According to Common Dreams, Blackwater is an immoral monster that flouts the law and gathers special privileges from close ties to the US Government:
“On September 16, 2007, Blackwater guards shot and killed 17 Iraqi civilians in Nisour Square, Baghdad. Almost a year later, no one has been charged or prosecuted for the murders. Blackwater, a private army and mercenary headquartered in Moyock, NC with over $1 billion in federal contracts (primarily no-bid) since 2001, operates with impunity, not subject to either military or civilian law. Blackwater is associated with tax evasion, gun running, weapons stockpiling, recruiting death squad paramilitary personnel from Latin America and defrauding US taxpayers. Blackwater operates without oversight, transparency or accountability.”

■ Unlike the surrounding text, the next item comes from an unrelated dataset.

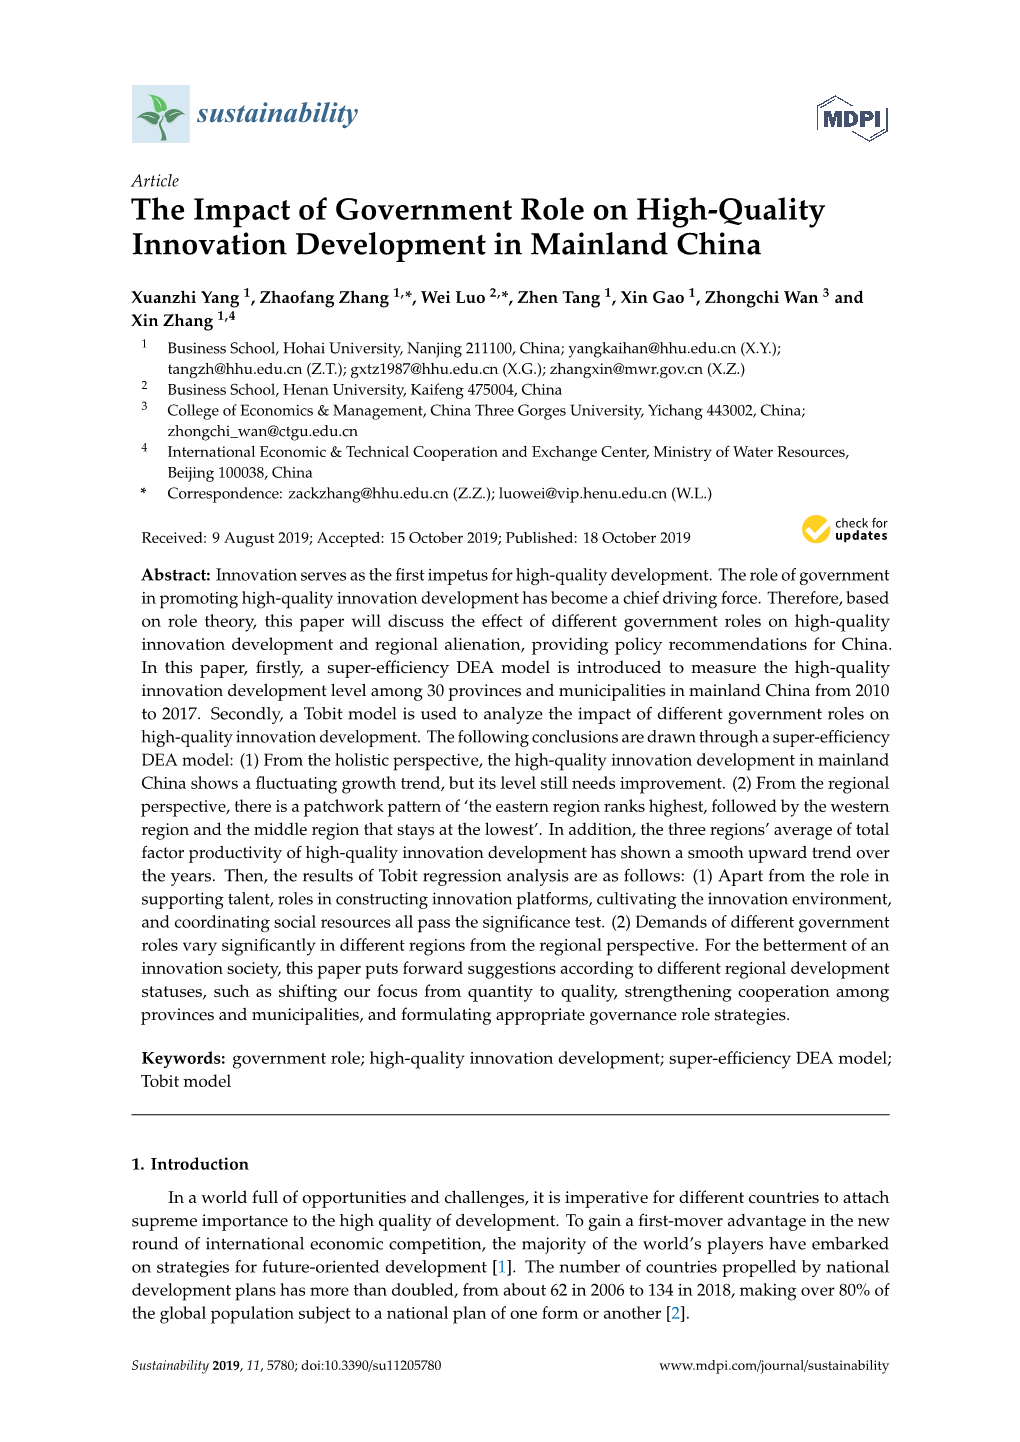 The Impact of Government Role on High-Quality Innovation Development in Mainland China

http://www.commondreams.org/newswire/2008/09/11-24
Most recently, alarm has been sounded about the nepotistic links between Blackwater and the CIA:
“The secret missions illuminate a far deeper relationship between the spy agency and the private security company than government officials had acknowledged. Blackwater’s partnership with the C.I.A. has been enormously profitable for the North Carolina-based company, and became even closer after several top agency officials joined Blackwater.”
“Blackwater Guards Tied to Secret CIA Raids,” 12/10/09)

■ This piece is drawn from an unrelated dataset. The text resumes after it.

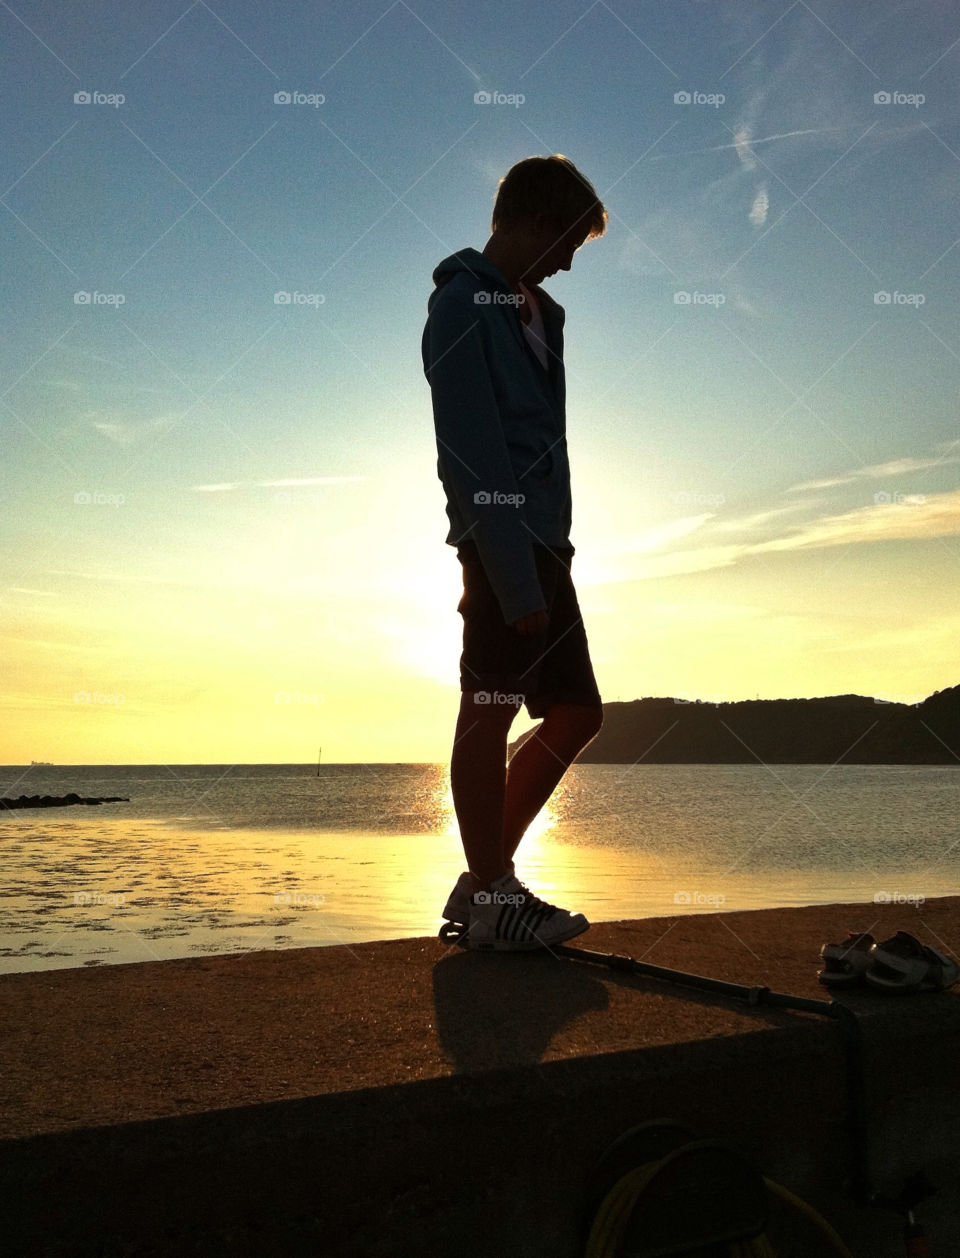 mölle sweden young sunset boy by chattis

http://www.nytimes.com/2009/12/11/us/politics/11blackwater.html?_r=1&scp=8&sq=blackwater&st=cse
In a crucible of outrage and concern, an NGO has emerged to monitor Blackwater (which now calls itself Xe):
http://blackwaterwatch.net/
Long ago, Machiavelli warned against the use of mercenaries or “auxiliaries.” Their allegiance was not to the State that purchased their services, but to the captain of their own outfit, who pays their salary and commands their fraternity. This readily leads to all kinds of wrongdoing and treachery:
"Of all kinds of troops, auxiliaries are the most dangerous; for the prince or republic that calls them to their assistance has no control or authority whatever over them, as that remains entirely with him who sends them ... Such troops, when victorious, generally plunder as well him to whose assistance they were sent as the enemy against whom they have been employed; and this they do either from the perfidy of the [leader] who sends them, or from their own ambition ... A prince or republic, then, should adopt any other course rather than bring auxiliaries .... for any treaty or convention with the enemy, however hard the conditions, will be less hard to bear than the danger from the auxiliaries."
(The Discourses, Ch.XX)
Machiavelli does make a distinction between mercenaries and auxiliaries, both of which he considered Pyrrhic allies. The Blackwater guards fall into the latter category because: (i) the US government, as evidenced by Judge Urbina’s decision, “has no control or authority over them,” (ii) the Blackwater corporation is the equivalent of a separate state, given its vast income and power, and hence the monarchic status of its CEO, (iii) Blackwater and its individual members manifest the “danger” and “plunder” mentioned by Machiavelli and illustrated by Common Dreams.
In other words, if the US Government doesn’t wake up and stop using corporate mercs, the result could be an auxiliary army that threatens, if not the foundation of the United States, then any remaining claim it has to bear the torch of a higher purpose.